Investors and analysts will be keen to monitor the issue price and demand for the Notes, as these will provide insights into the market's confidence in Gran Tierra's financial health and its prospects. The use of net proceeds for general corporate purposes, including capital to appraise and develop exploration discoveries, indicates a forward-looking growth strategy, but also introduces risks associated with the volatile nature of the energy sector.

Gran Tierra's decision to terminate its existing credit facility post-repayment and the potential diversification of its capital through the private placement could be seen as a move to optimize its financial leverage and reduce reliance on variable credit lines. This could be an attractive signal to investors who prefer companies with predictable financing costs and a clear use of proceeds. The alignment of the new Notes' terms with the Original Notes ensures continuity for investors and could facilitate trading liquidity in the secondary market.

It's important to consider the broader energy market dynamics, including oil prices and geopolitical factors, which can have material impacts on Gran Tierra's operations and, consequently, its ability to service debt. The energy sector's performance is cyclical and subject to regulatory changes, which could affect investor sentiment towards such financial instruments.

The offering's compliance with Rule 144A and Regulation S under the Securities Act of 1933, as well as prospectus exemptions in Canada, highlights the regulatory complexities associated with cross-border securities offerings. The differentiation in CUSIP numbers for the Notes sold pursuant to Regulation S until 40 days after the issue date is a compliance measure to prevent the immediate resale of these securities in the U.S. market, which could otherwise be restricted.
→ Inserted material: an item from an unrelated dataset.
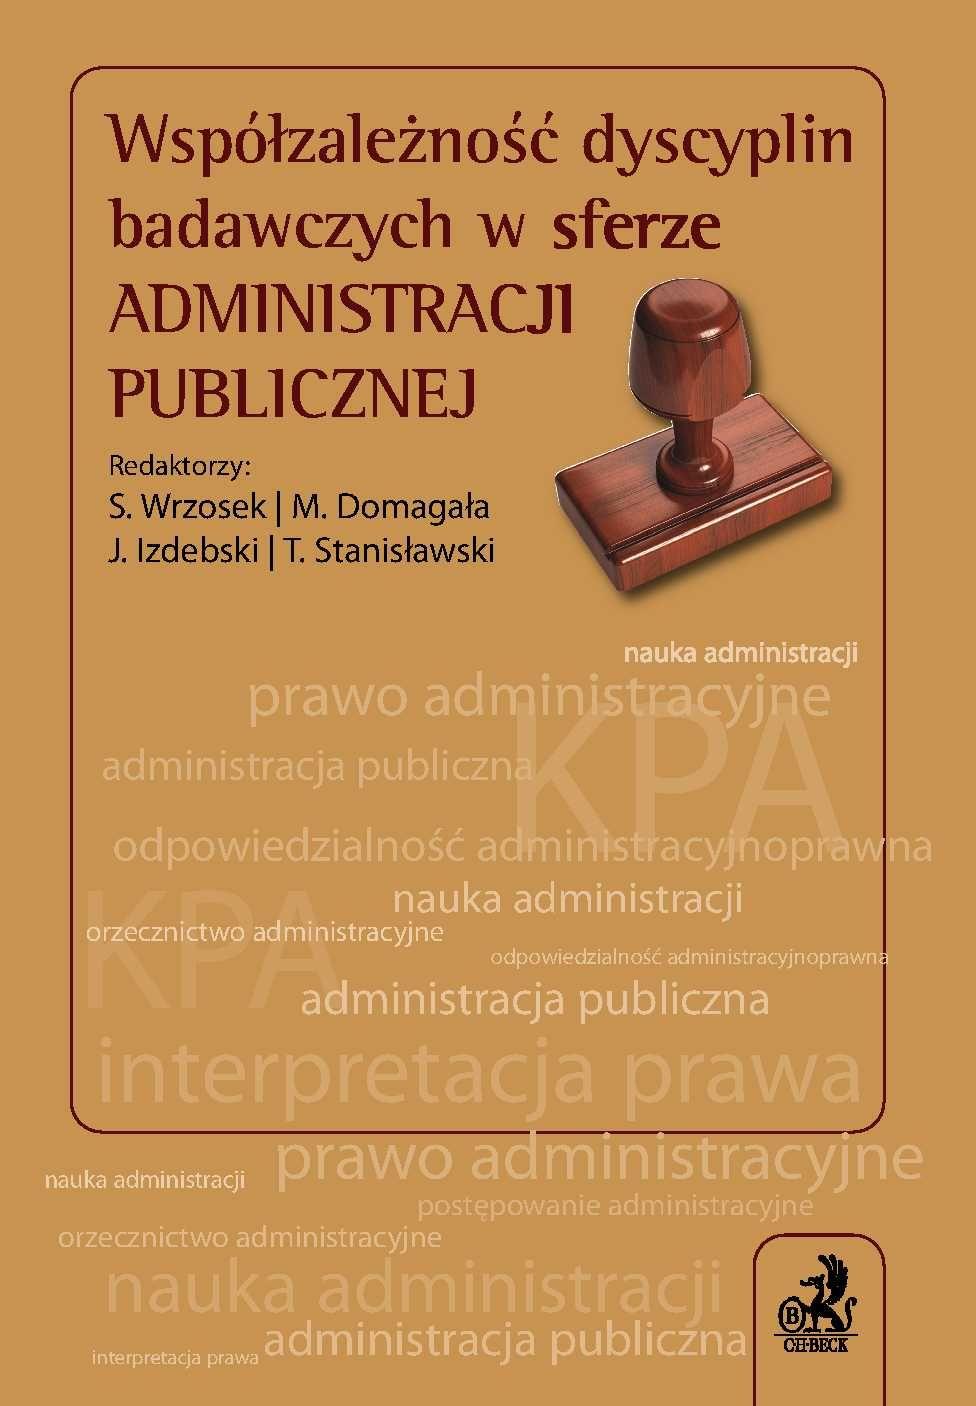 Współzależność dyscyplin badawczych w sferze administracji publicznej - Ebook (Książka PDF) do pobrania w formacie PDF

Prospective investors should be aware that the Notes will not be registered under the Securities Act and are therefore subject to restrictions on their transferability. This lack of registration underscores the importance of the 'qualified institutional buyer' designation, as it limits the potential investor base to those who meet specific criteria, potentially affecting the liquidity and marketability of the Notes.

CALGARY, Alberta, Feb. 01, 2024 (GLOBE NEWSWIRE) -- Gran Tierra Energy Inc. (“Gran Tierra” or the “Company”) (NYSE American:GTE) (TSX:GTE) (LSE:GTE) today announced that it intends, subject to market and other conditions, to offer an additional amount of its previously issued 9.500% Senior Secured Amortizing Notes due 2029 (the “Notes”) in a private placement to persons reasonably believed to be qualified institutional buyers in the United States pursuant to Rule 144A under the Securities Act of 1933, as amended (the “Securities Act”), to non-U.S. persons in transactions outside the United States pursuant to Regulation S under the Securities Act, and pursuant to certain prospectus exemptions in Canada.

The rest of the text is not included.